相知町蕨野の棚田 (2006年9月15日) 日本一高い石垣_b0025821_19342345.jpg 棚田を満喫した後、街まで帰りおうち温泉「天得の湯」に入った。約42℃とはりっぱな温泉だ。
 ここでも棚田と温泉の共存関係は証明された。
 大昔に造山運動で作られた急峻でしかももろくて崩れやすい地形がある。そこには地底から鉱物が吹き上がり、高温の地下水が噴き出している。雨が振ると水は急な谷を流れ落ち、時には大量の土砂を流した。
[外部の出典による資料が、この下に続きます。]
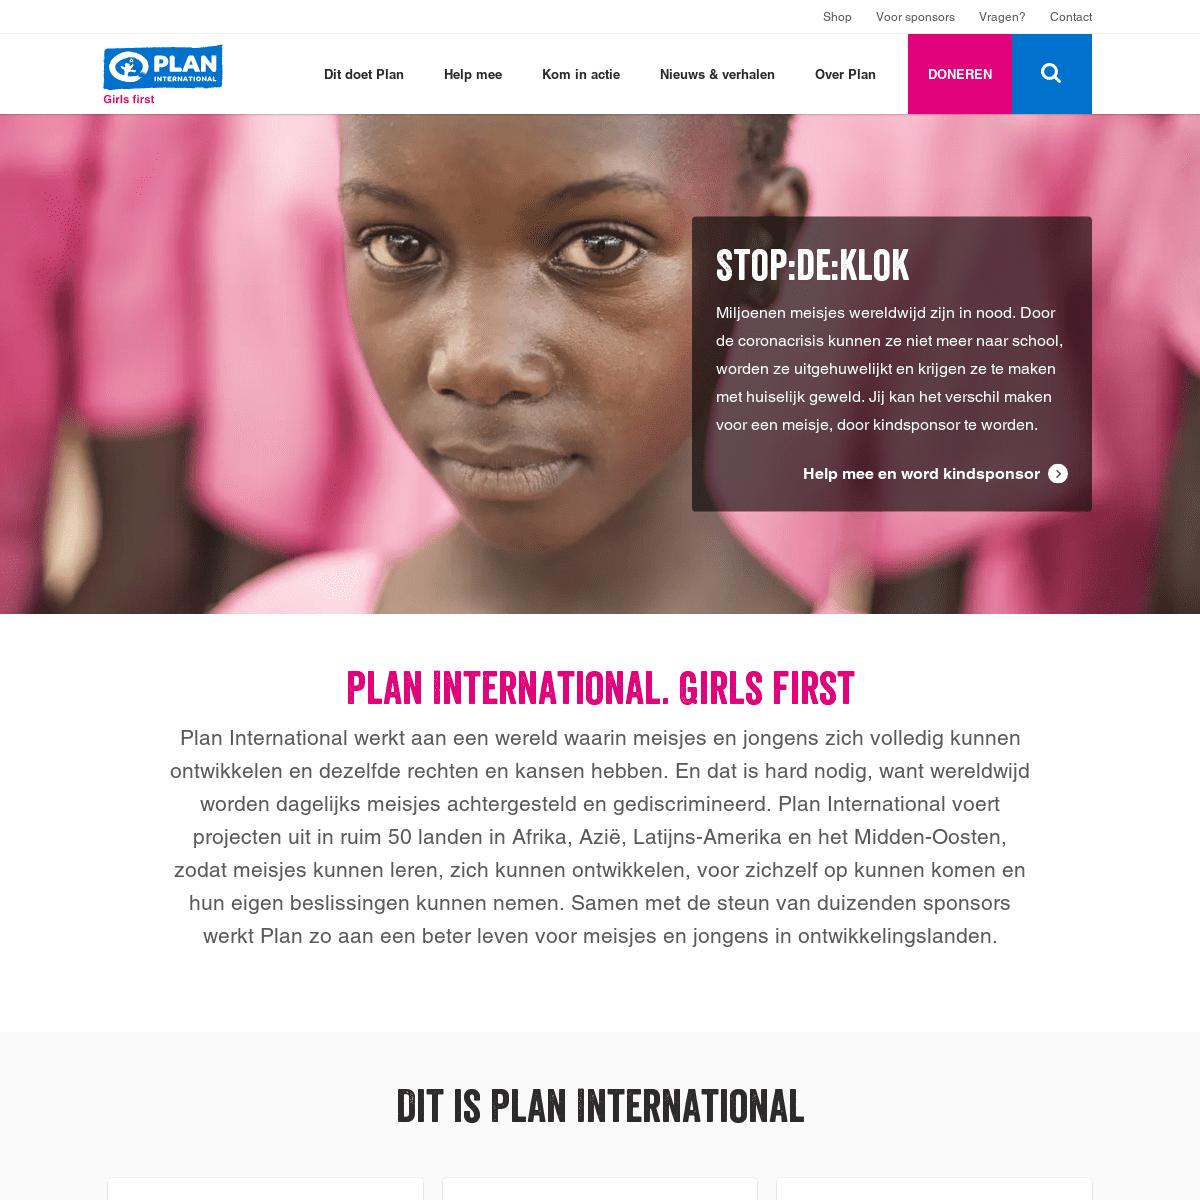 Plan International investeert in meisjes wereldwijd

 人々は鉱物を求めて山奥に入り、鉱脈を見つけると多くの人を集めて採掘する。この人たちの空腹を満たすためには、大規模な田んぼを作らなければならない。水利があり、しかも鋤や鍬だけで耕せる場所といえば地滑り跡地や土石流の跡しかない。人は危険覚悟で土を止めて田を作ったに違いない。そして産出した鉱物を運び出すために、街道や水運が開かれた。

 こうして鉱山と温泉と街道と棚田は同じ場所に存在している、というのが私の仮説である。経験則でもちろん学術的な根拠はない。

 蕨野の棚田を訪れた日には何の予兆もなく平穏な天気だったのに、翌日の9月16日に台風13号の影響で相知町は大変な水害に襲われた。棚田がどうなったか心配だが、ニュースではそこまでの情報は流してくれない。
 被害が少しでも軽いことを、そして一日も早い復興を祈ります。